Reproduce the data below word for word, setting aside any picture it holds.

◆ Information supplied ◆
[Start of Attachment]

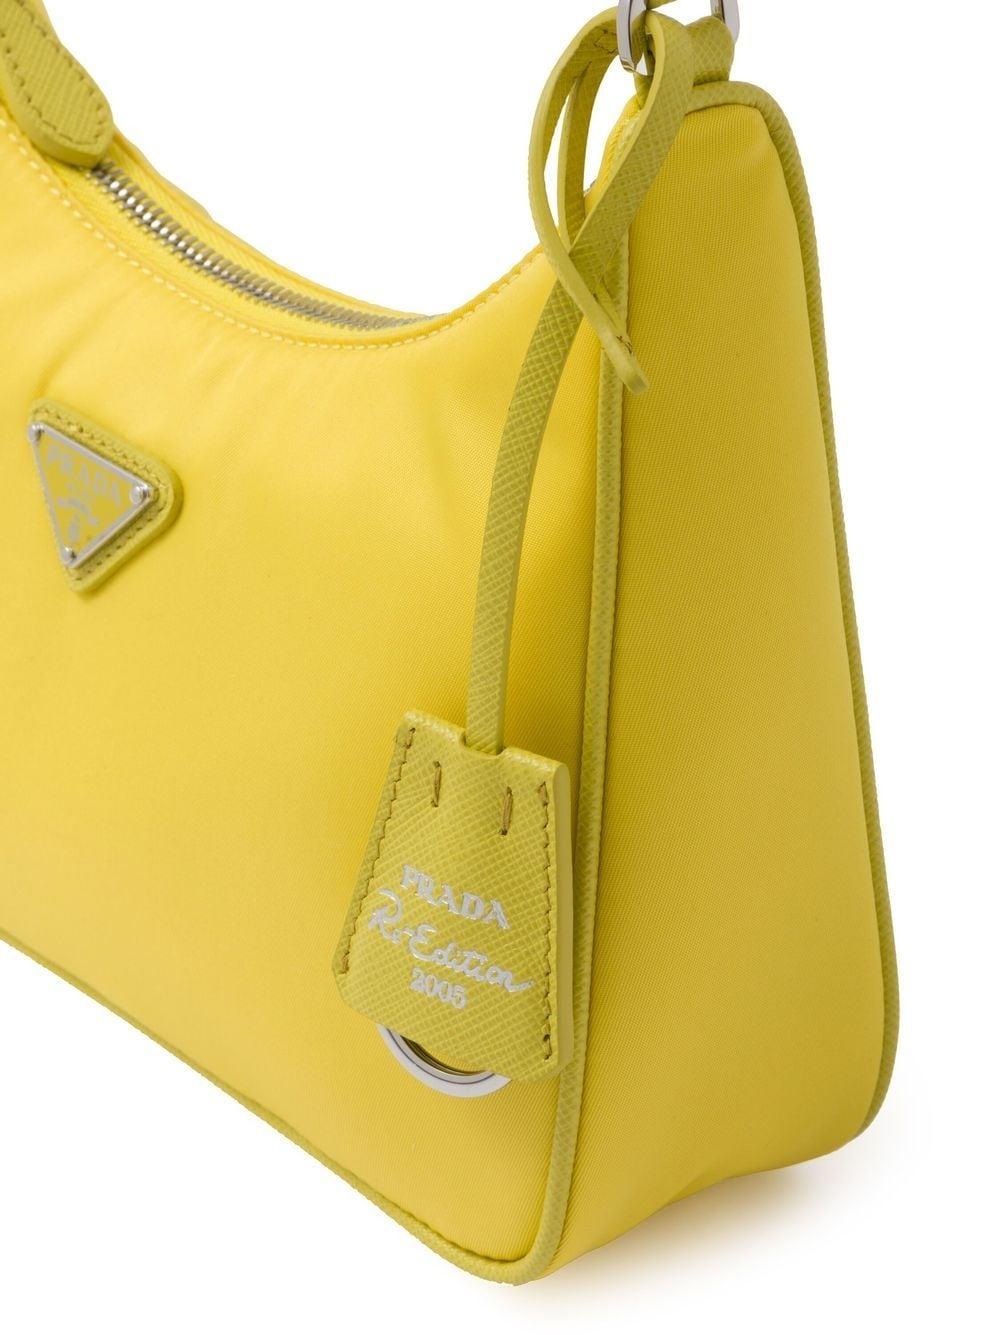 Prada Re-edition 2005 Shoulder Bag in Yellow
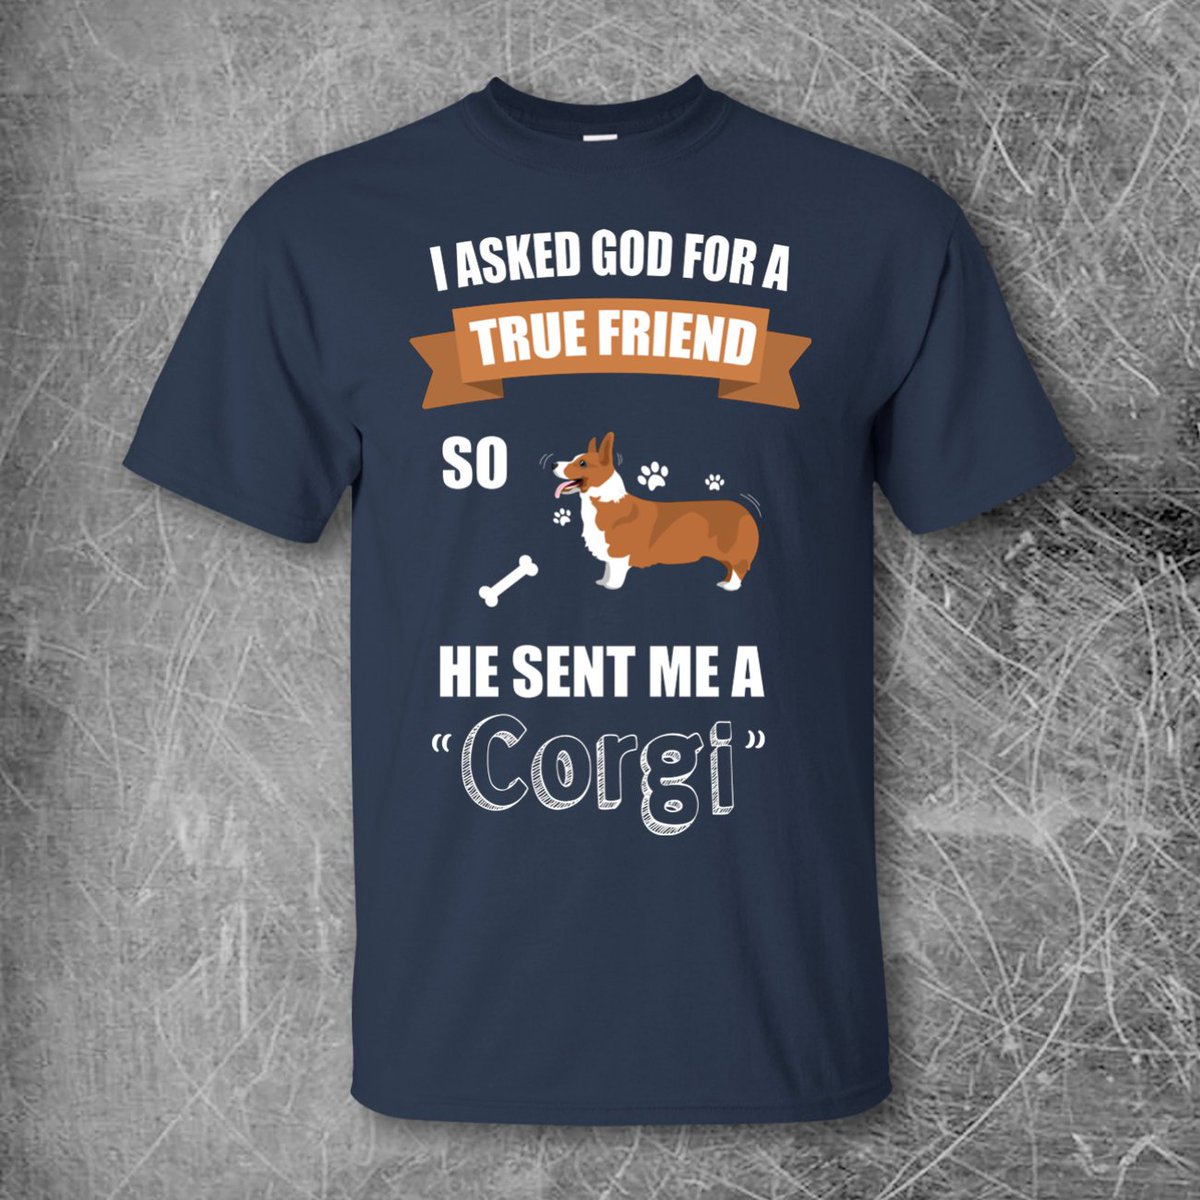 Corgi T Shirt Gifts for Dogs Lovers, Corgi Puppy Tees Birthday Presents etsy.me/2Nl1KRx #corgit-shirt #corgishirt #corgitee #corgiteeshirt #corgitshirt #corgit-shirts #corgishirts #corgitees #corgiteeshirts #corgitshirts #corgitshirt #corgitshirts
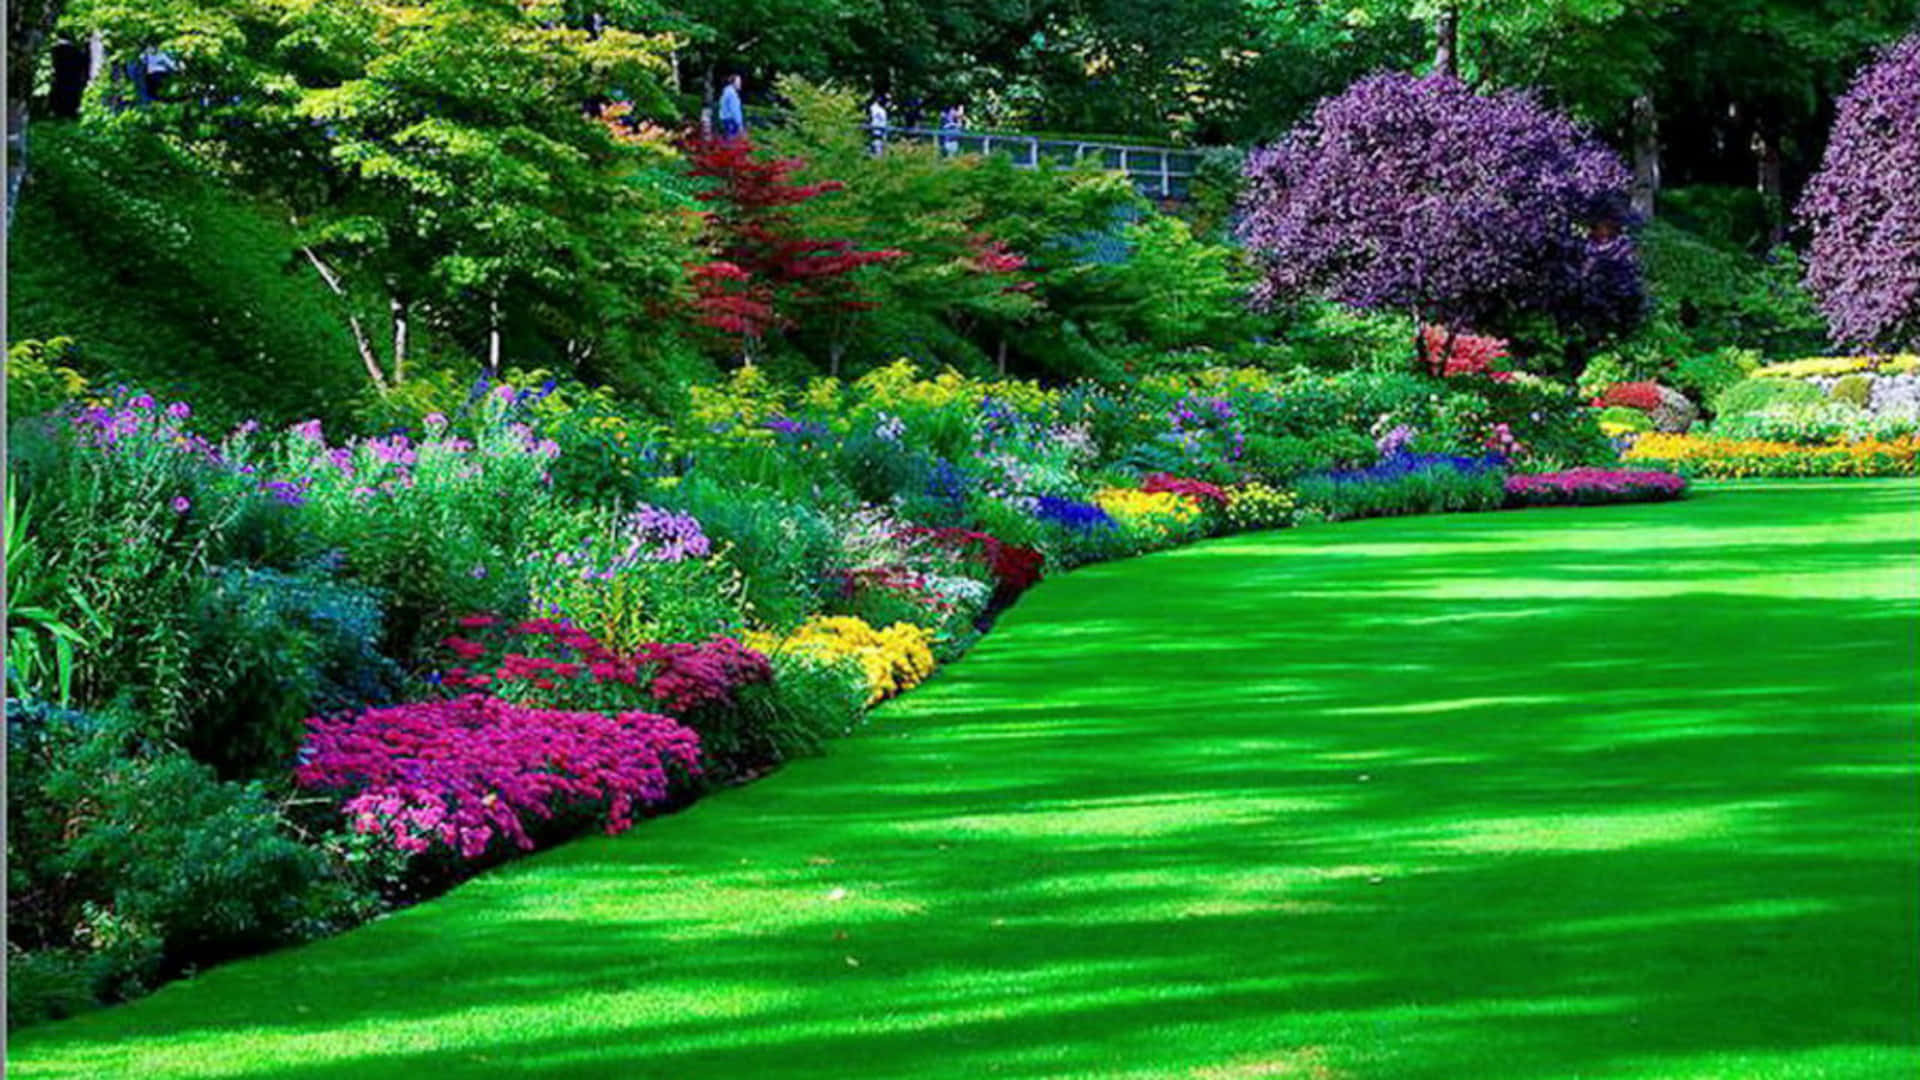 "Beautiful Nature Garden in Summer"

[End of Attachment]

◆ Reply to the exercise ◆
 Prada Re-edition 2005 Shoulder Bag in Yellow
 Corgi T Shirt Gifts for Dogs Lovers, Corgi Puppy Tees Birthday Presents etsy.me/2Nl1KRx #corgit-shirt #corgishirt #corgitee #corgiteeshirt #corgitshirt #corgit-shirts #corgishirts #corgitees #corgiteeshirts #corgitshirts #corgitshirt #corgitshirts
 "Beautiful Nature Garden in Summer"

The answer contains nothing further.